_EXERCISE DIRECTIONS:_ Could you restate word for word the lines running from the one with "Shelf width: 1370 mm / 53 7/8 in" to the end of the data, both ends included, but without pictures?

++++ SUPPLIED DATA ++++

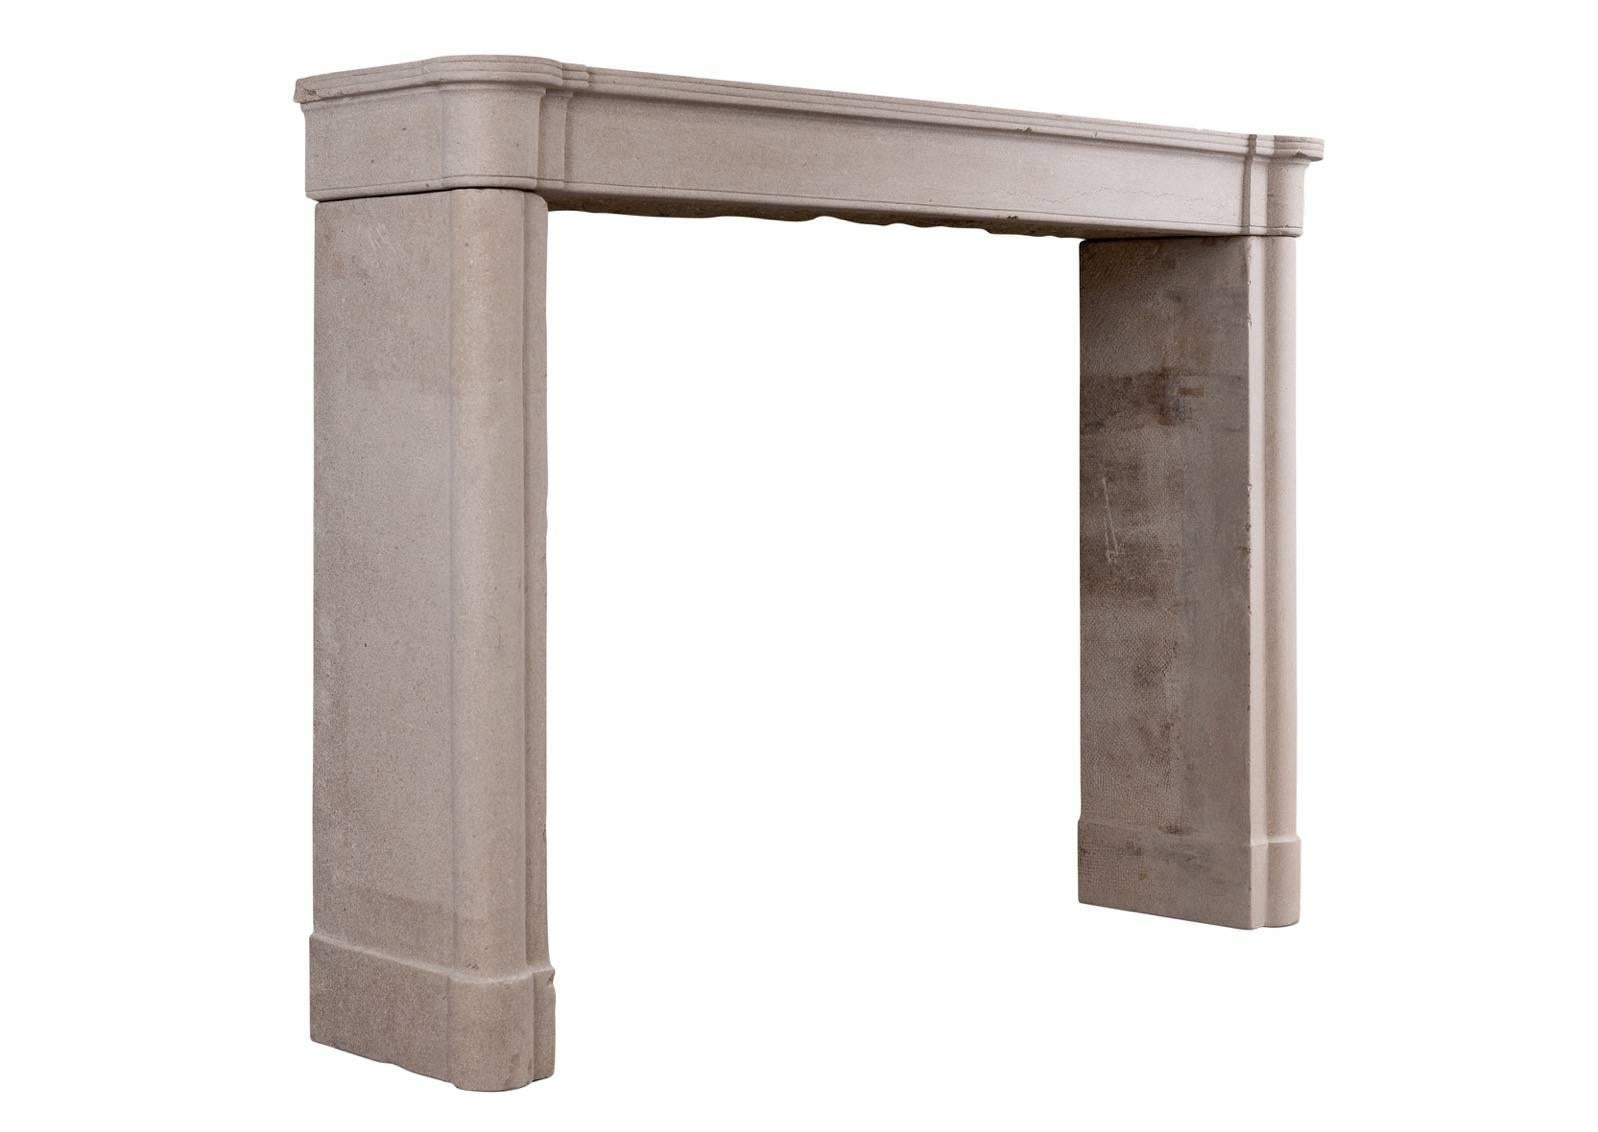 A small, well proportioned French stone Directoire fireplace. The jambs with half round columns surmounted by plain frieze and reeded shelf, circa 1800.

Measurements:
Shelf width: 1370 mm / 53 7/8 in
Overall height: 1005 mm / 39 5/8 in
Opening
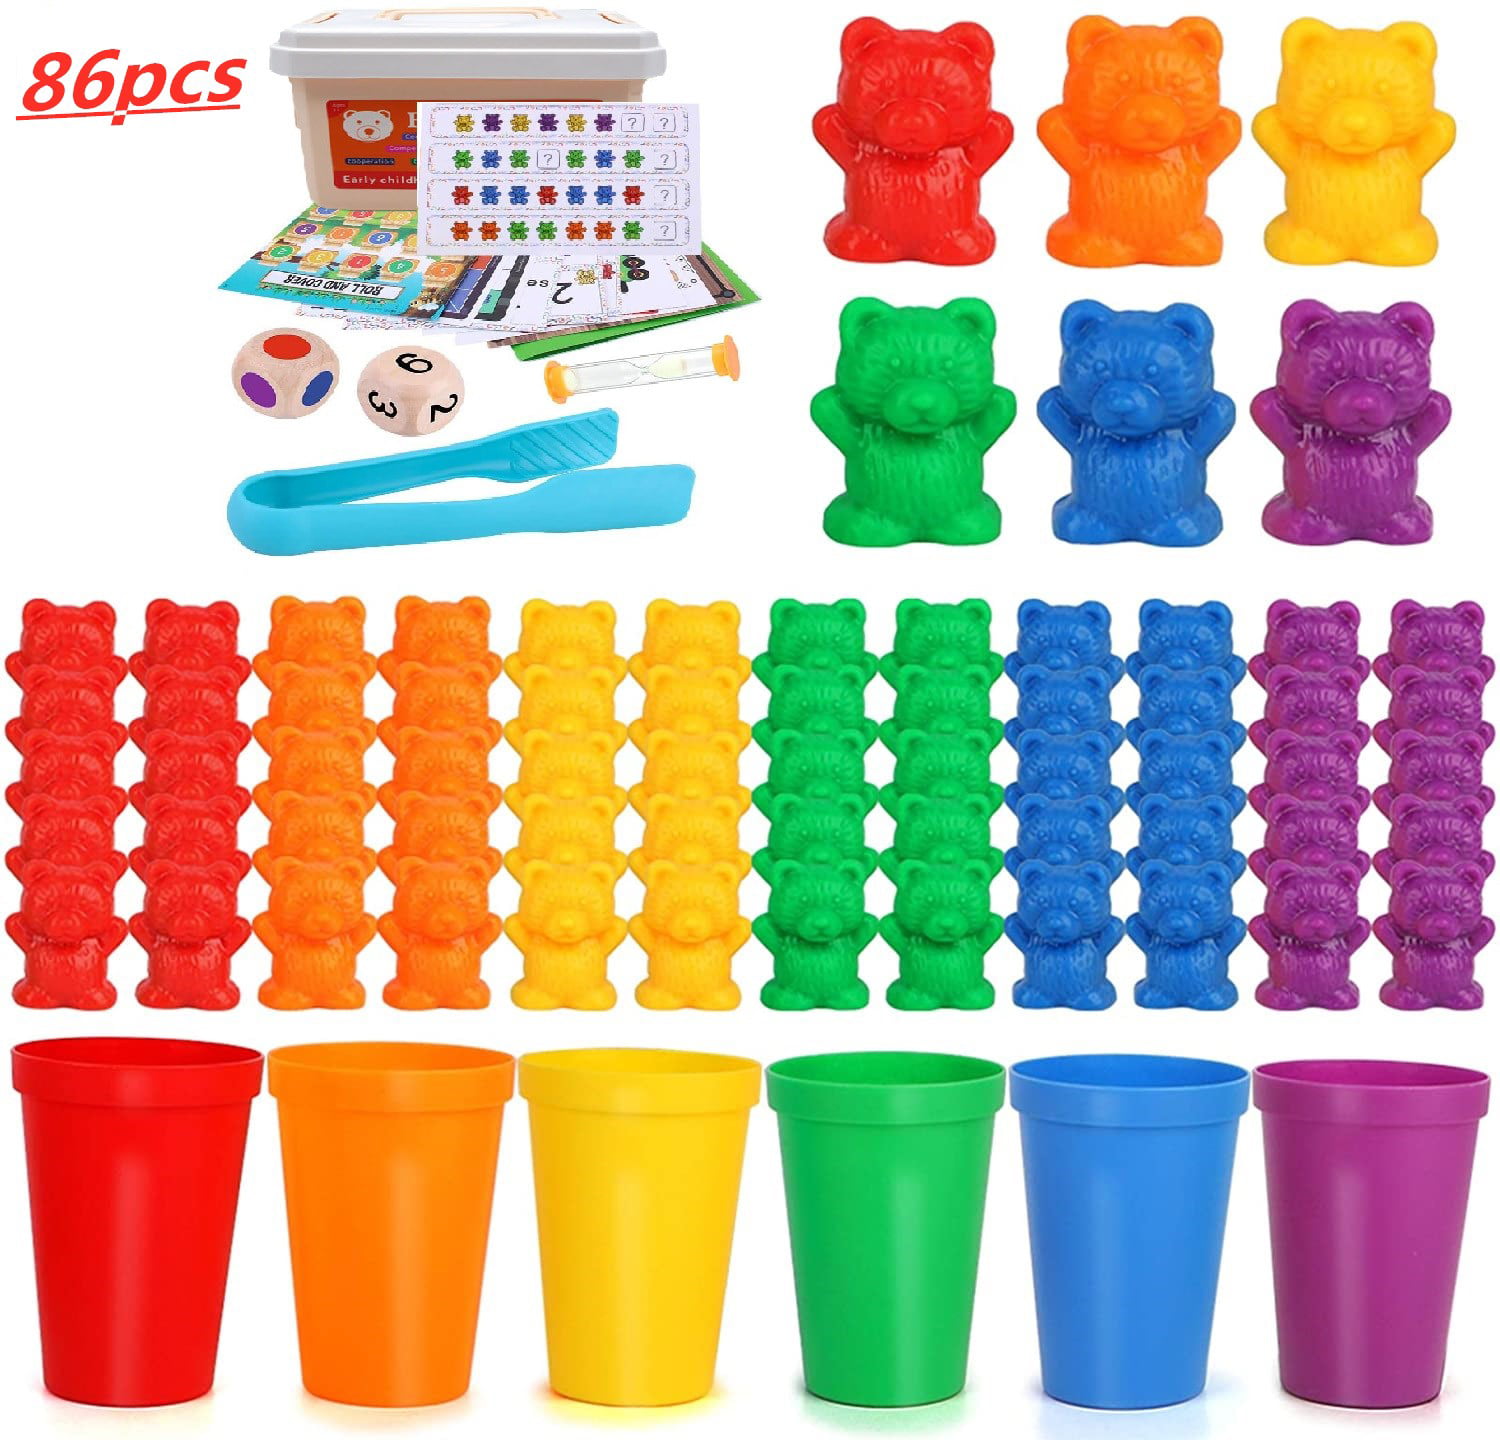 60 Counting Bears With Stacking Cups Montessori Color Sorting Matching Game Toys

++++

_ANSWER TO THE EXERCISE:_
Shelf width: 1370 mm / 53 7/8 in
Overall height: 1005 mm / 39 5/8 in
Opening
 60 Counting Bears With Stacking Cups Montessori Color Sorting Matching Game Toys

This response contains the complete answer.